Gen Lokech doesn’t need a hospital

Author: Phillip Matogo. PHOTO/FILE

What you need to know:

  • This tendency will do more harm than good to the memory of Gen Lokech.   

This week it was revealed that the Gen Paul Lokech Memorial Hospital is being constructed in Pader District. Its construction coincided with the first memorial prayers organised by the district for the late former Deputy Inspector General of police.

Mr Samuel Akena, the organising committee secretary for the memorial prayer, said the hospital is in honour of Lokech’s longstanding desire to improve the health care system in the district.

Mr Norbert Mao, the minister for Justice and Constitutional Affairs, reportedly said a portrait of Gen Lokech should be placed at Gulu City Council Hall to celebrate his great works.

According to Mao, Lokech is like a great hunter whose exploits should be celebrated for years, just like the Acholi celebrated the bravery of past hunters.

With all due respect to the people of Pader, but Gen Lokech was an officer of Uganda’s national army. So, he was a soldier who happened to be an Acholi, not an Acholi soldier.

By this token, he should be honoured at a national level instead of a district one. This means the reported Shs2.9b that shall be spent on the memorial hospital, through the Paul Lokech Foundation, should re-routed to solving national problems such as the hunger in north-eastern Uganda, where a prolonged drought and rampant insecurity have left more than half a million facing starvation. 

Again, the memorial hospital will likely be beset by the same problems that afflict other Ugandan hospitals such as a lack of specialists, drug stock outs, non-functional intensive care units, shortage of oxygen, power outages, run-down staff houses, water shortages compounded by growing corruption.

The persons who want the hospital in Pader have provincial outlooks and so believe in pork barrelling, or the utilisation of government funds for projects designed to win votes on a localised scale. This tendency will do more harm than good to the memory of Gen Lokech, who was a nationalist, not a regionalist. 

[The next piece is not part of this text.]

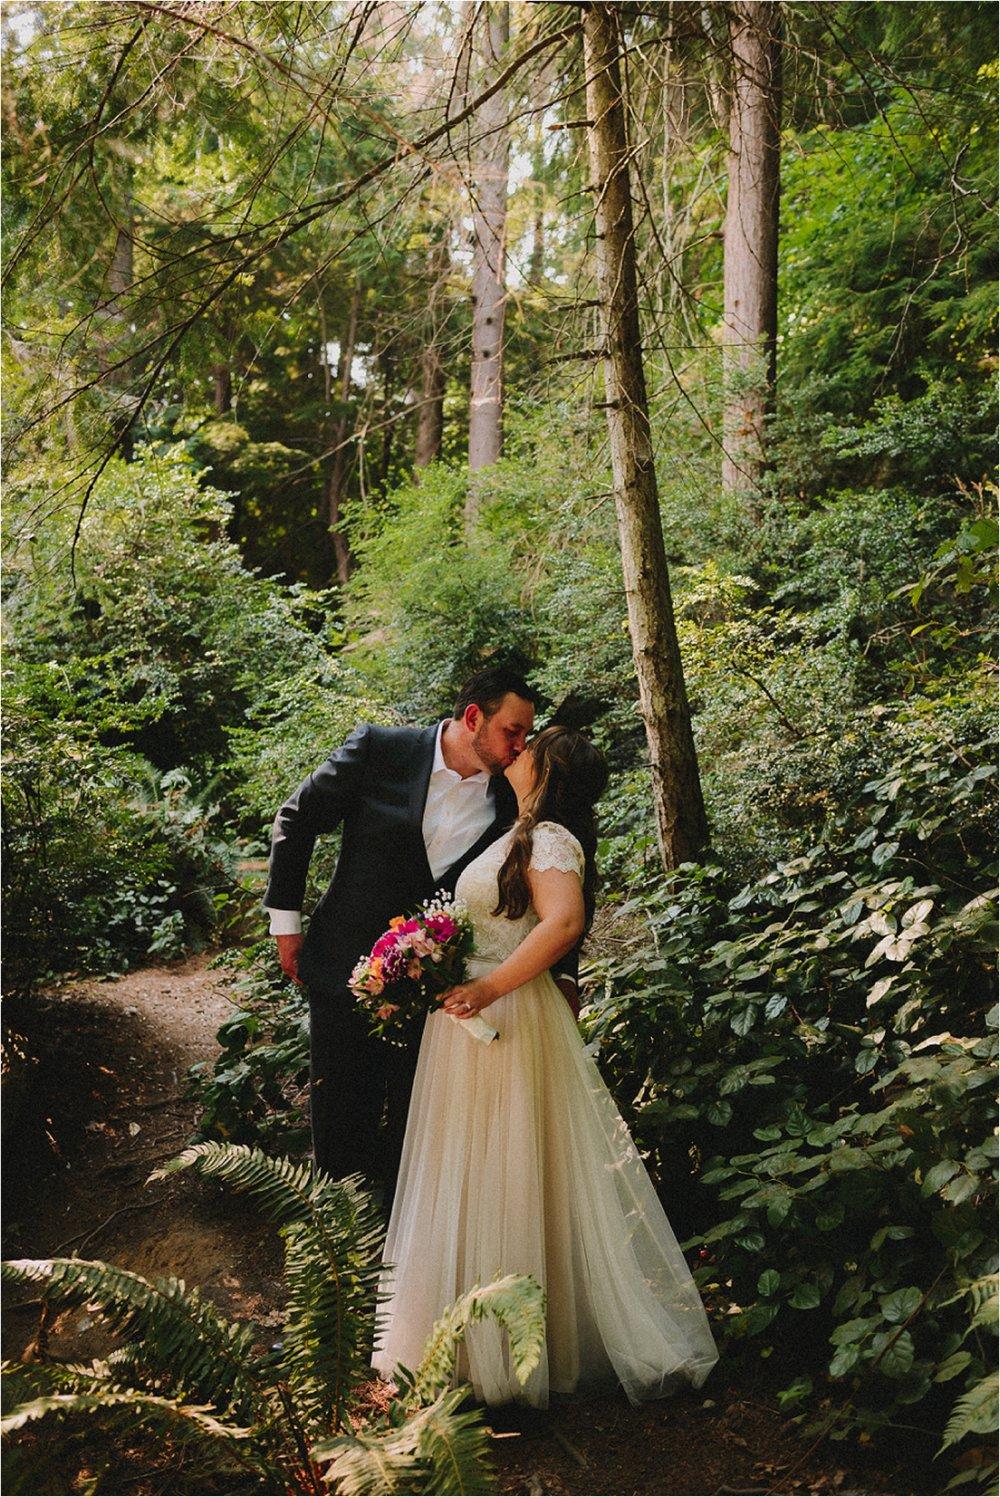 owen-beach-priest-point-park-tacoma-washington-elopement-jannicka-mayte-anchorage-alaska-wedding-elopement-photographer (27).jpg

Also, although I’m partial to great leaders being memorialised, I believe it’s the good deeds of such leaders which embalm them in the collective memory of a given people. By that token, physical structures such as hospitals are superfluous.   

To underline what I’m saying, let’s look at the death of Alexander the Great.
He was one of history’s greatest military conquerors, controlling much of the known world at the age of 32. Although being the king of ancient Macedonia for less than 13 years, he changed the course of history.
His empire stretched the all the way from India, through Egypt up to the northern border of Greece.

However, on his deathbed, he summoned his generals and said unto them, “I want my both hands to keep dangling out of my coffin because I want people to know that we came empty-handed in this world and we will go empty-handed.”

His famous last words were, “When you bury my body, don’t build any monument and keep my hands outside so that the world knows that the person who won the whole world had nothing in his hand while dying.”

Alexander knew that his legacy was not limited to the Greeks, but belonged to the world. This is why he rejected monuments, which have a fixed geographical location, in favour of a lesson which would belong to the ages and infuse all peoples with a sense of purpose. 

In this vein, Gen Lokech doesn’t need a hospital in his name. Instead, let his deeds live on through oral tradition and historical text to inspire us to follow his example in leaving the world a better place than we found it.